The start of earnings season also boosted investor confidence as many of the major companies reporting beat expectations. Alcoa — whose earnings report is considered the official beginning to each earnings season — kicked off third quarter reporting by revealing a surprise $0.08 profit, which was well ahead of analysts’ views. The company also said that it sees worldwide aluminum demand rising 11% in the second half of the year, a forecast that suggests some signs of life in the global economy.
While Costco’s bottom line declined from the prior year, it still managed to jump over the bar set by Wall Street. The retailer also said that while food and necessities are the most popular items with shoppers, nonfood items are starting to move as well. PepsiCo was also able to charge past expectations, as it relied on productivity savings to help combat a slowdown in North American beverage sales.
And while Marriott International’s earnings were clouded by write-downs taken in its timeshare business, the hotel chain also managed to do better than expected. It said that a 35% year-over-year jump in summer leisure travel drove the better-than-expected results.
Looking ahead
Next week will bring a heavier schedule in terms of economic reports.

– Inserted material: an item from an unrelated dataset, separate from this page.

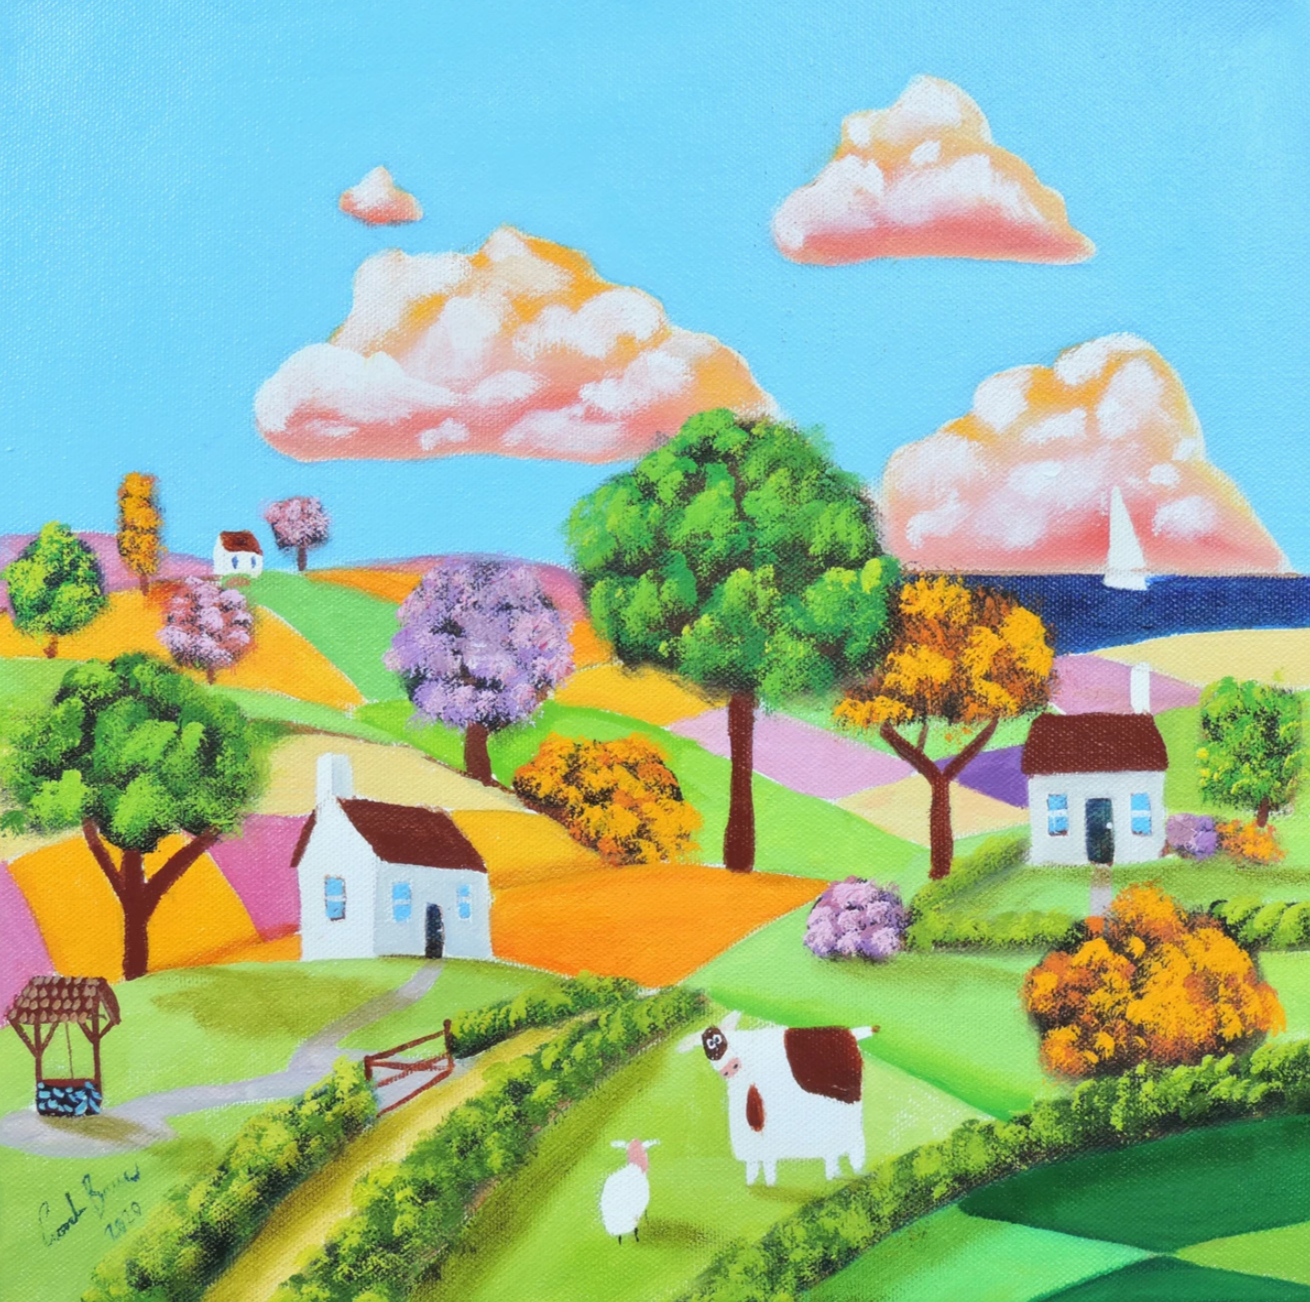 Cow and sheep naive art painting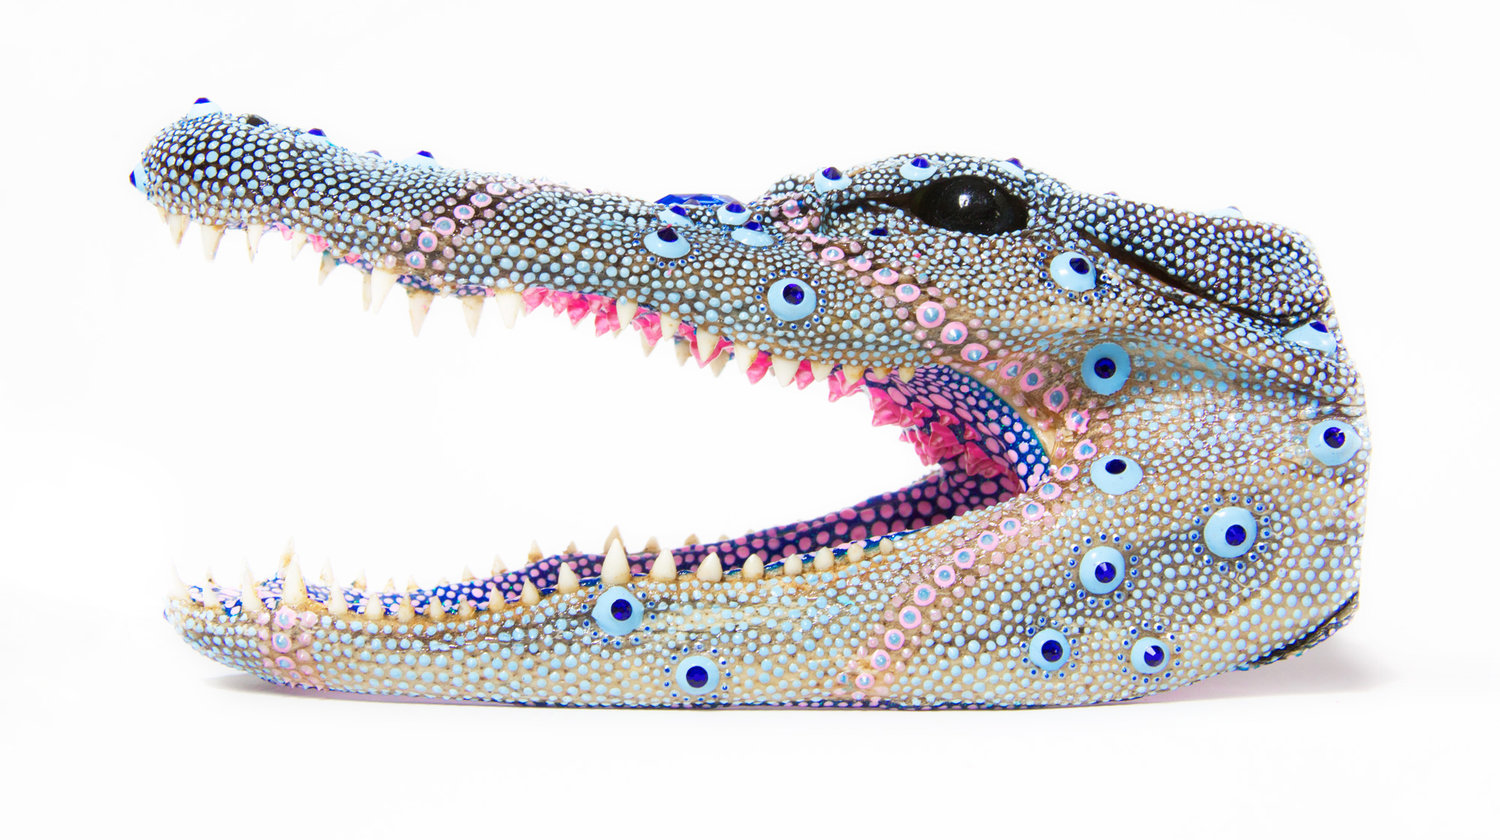 Blueberry Gator,&nbsp; 2018, acrylic, dimensional paint, Swarovski crystals, taxidermy alligator head, 3.25â x 7.25â x 3"&nbsp;

Wednesday’s retail sales figures will likely stand out as the most notable report of the week, as investors continue to watch for signs of consumers either starting to spend again or retrenching further. Other notable reports for the week will be the release of the minutes from the previous Federal Reserve rate-setting meeting, the consumer price index, unemployment claims, and a consumer sentiment reading from the University of Michigan.
More importantly, though, the week ahead will be chock full of very significant earnings reports. Charles Schwab will be the only notable report on Monday, but CSX Corp, Domino’s, Intel, Johnson & Johnson, and Linear Technology will follow on Tuesday. The notables from Wednesday will be Abbott, HDFC Bank, and JPMorgan Chase.
Thursday will be the big day for the week, bringing AMD, Baxter International, Citigroup, Goldman Sachs, Google, Harley-Davidson, IBM, Merck, Nokia, and Southwest Airlines. Friday will follow up with Bank of America, General Electric, Halliburton, and Mattel.
At this early point in the third quarter earnings season we don’t want to overlook any of the major reports. Companies like Intel, IBM, General Electric, and CSX, for instance, will provide significant data on the state of U.S. manufacturing and business in general.
However, the main focus of the next week will likely be on the financial companies. The earnings numbers themselves will likely look very favorable compared to the dismal reports that we saw this time last year, but commentary from the management teams will probably of much more interest to investors as they continue to try and asses the current health of the banking system.